# running with 8 months old gsd



## Skar (Apr 20, 2012)

I was wondering how much km can I run with my 8 months gsd.
Usually Im running about 6 km 3 times a week and i thought about taking him with me.

This dog REALLY love to run and never get tired


----------



## lzver (Feb 9, 2012)

I don’t see an issue with that. Our breeder and vet advised that running was great for Shepherd’s, only to avoid a lot of high jumping until they are 2 years old. They get a lot of benefits from being so active like better cardiovascular health and muscle mass. We take our 8 month old GSD to the park every night and play ball with him for an hour. He is completely obsessed with running in the park and loves it! If your dog enjoys running I think it’s great that you can do that with your dog.


----------



## Beelzeboss (Sep 11, 2012)

i can't wait to run with mine, im a jogger and primary reason i got a dog, hes 5 months, when i take him walking i run for 20 seconds see how he does.


----------



## Elaine (Sep 10, 2006)

No problem with running with your pup so long as you don't push him and if you see him getting tired, breathing hard, or hot, you need to slow down and let him rest. Once he's refreshed, you can pick up the pace again.
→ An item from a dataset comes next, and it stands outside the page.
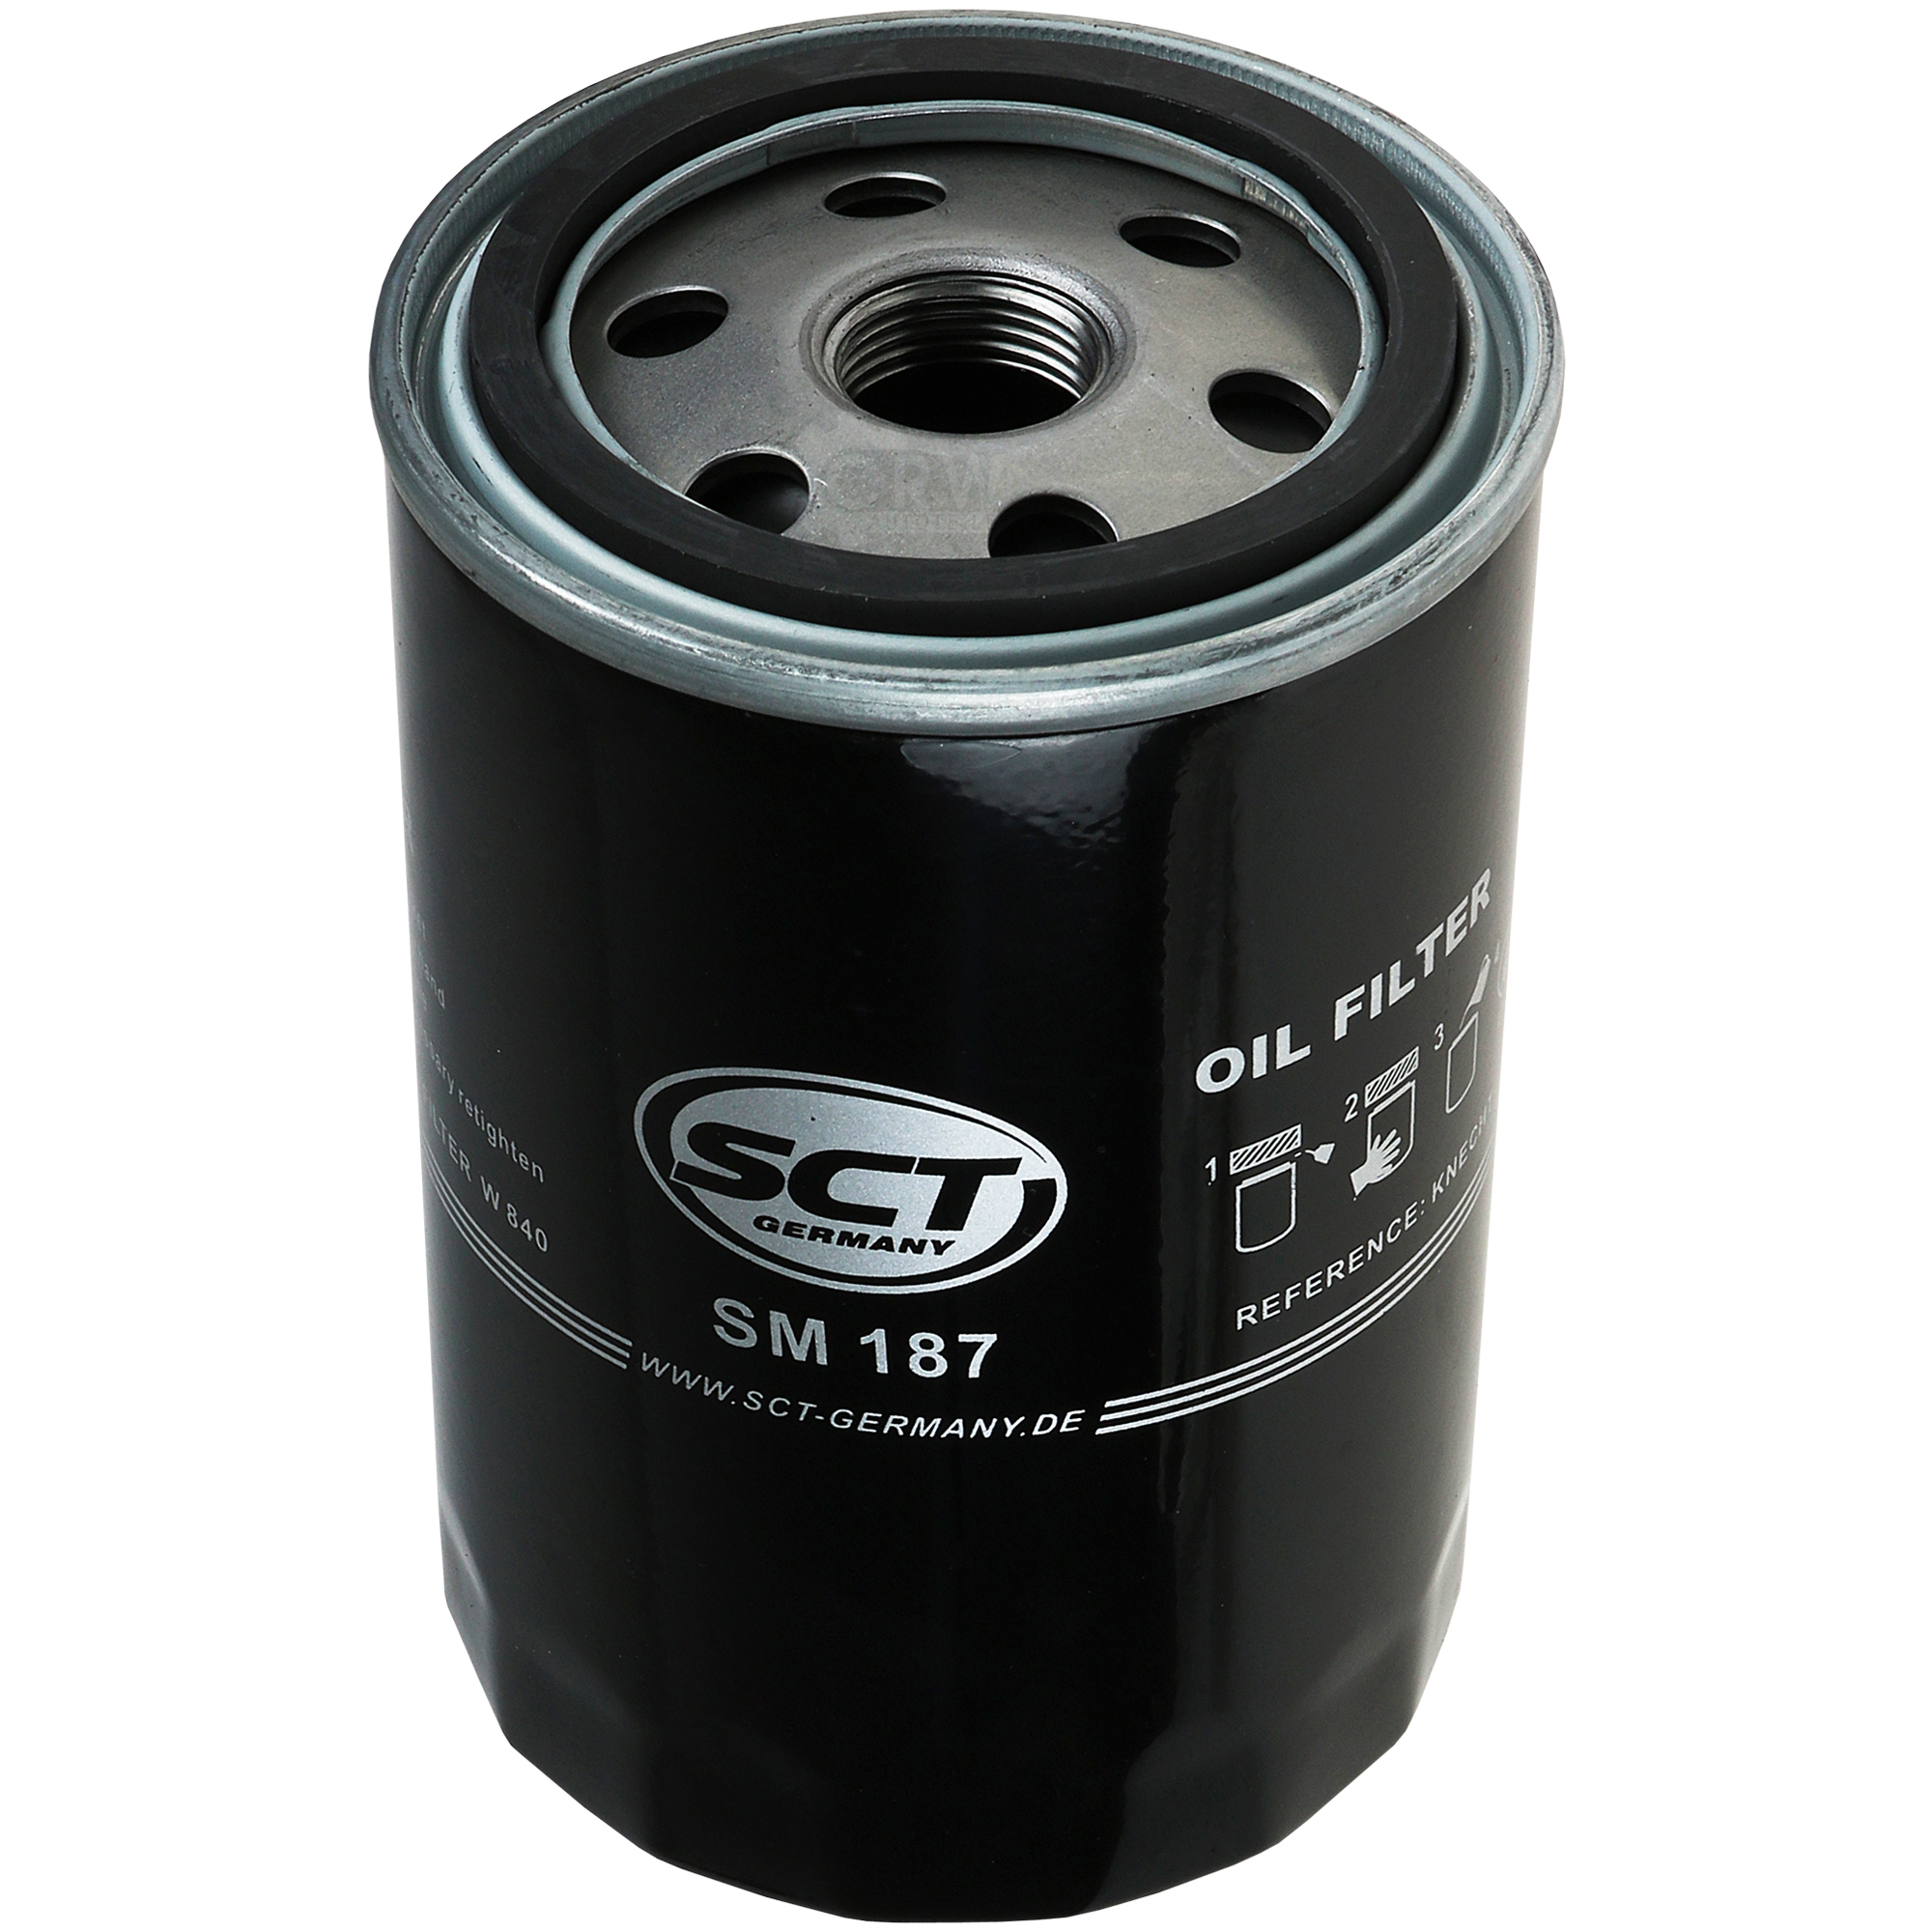 Cambio-de-aceite-set-5l-MANNOL-energy-premium-5w-30-aceite-del-motor-filtro-sct-kit-10140337 miniatura 11

Every dog is different in their exercise needs. Some are happy with a walk around the block and others, like mine, can't get enough. My dogs were running a slow 3 miles by the time they were 6 months old.


----------



## Rocky's mum (Apr 12, 2012)

*Rocky started running with mum*

Thought I'd add to this post. Rocky turned 9 months and he's started runs with me now, but only on grass. I run on the path and make him run (trot) next to me on the grass as its much better on his joints. He's obviously on a lead (bungee type one) but he pretty much seems happy trotting. His 'run' would be too fast for me! We started at 0.5 mile then a walk break and we are up to 1 mile non-stop now. His longest is 2 miles, obviously with wee/poo stops as required. He loves it as it stops him pulling and he gets there quicker!
3/4 times a week at the moment, but I really think it helps our bond too. He recognises the running kit when it goes on!:hug:


----------



## Elaine (Sep 10, 2006)

I don't allow any going potty when running. Your dog is perfectly capable of holding it and all that marking is so annoying. Let your dog potty when you say it's time to stop and potty in an appropriate place, and that's that, usually before and after the run, not during.


----------



## Good_Karma (Jun 28, 2009)

If you put the potty on command, you can have your dog empty out bowels and bladder before you start the run. It's not a 100% guarantee there won't be another pee or poop but it helps. 

Glad you are enjoying the running, I also found that it helped increase the bond I have with my dog. He really seems to enjoy it and is excited for our run every morning. I found my dog to be the best running partner I've ever had.


----------